**REQUIREMENT**
Reproduce exactly, and only, the lines below from the one containing "Guestbook Large Wall" through the one containing "A Isabella Pacifier".

**MATERIALS PROVIDED**
▼▼▼
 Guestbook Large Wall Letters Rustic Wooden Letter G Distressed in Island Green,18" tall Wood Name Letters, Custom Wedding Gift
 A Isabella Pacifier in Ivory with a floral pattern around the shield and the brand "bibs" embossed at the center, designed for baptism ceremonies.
▲▲▲
▼▼▼
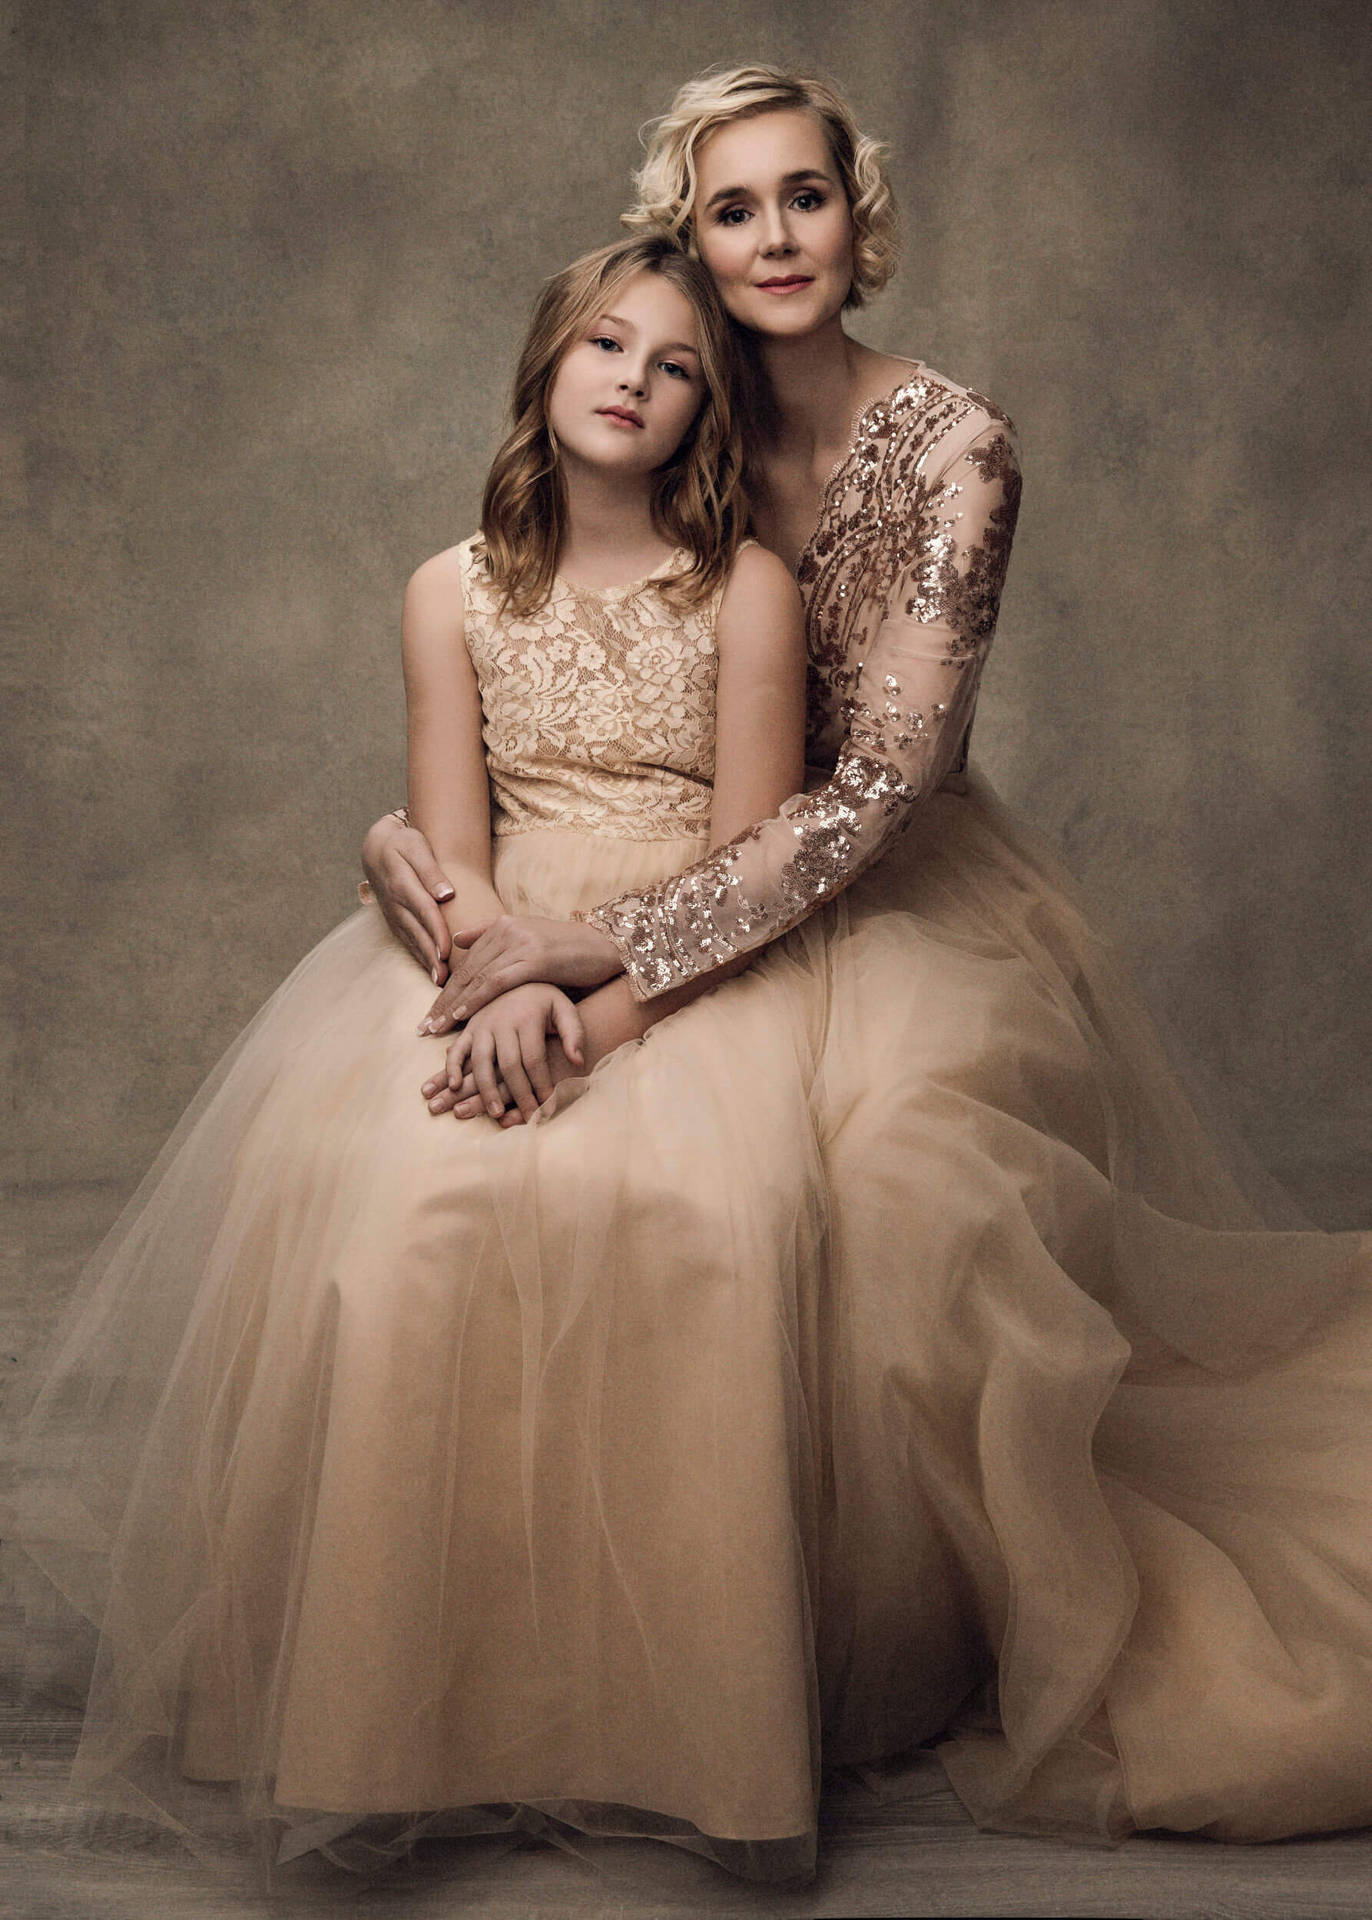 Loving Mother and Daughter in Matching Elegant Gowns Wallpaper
▲▲▲
**SOLUTION TO THIS PROBLEM**
 Guestbook Large Wall Letters Rustic Wooden Letter G Distressed in Island Green,18" tall Wood Name Letters, Custom Wedding Gift
 A Isabella Pacifier in Ivory with a floral pattern around the shield and the brand "bibs" embossed at the center, designed for baptism ceremonies.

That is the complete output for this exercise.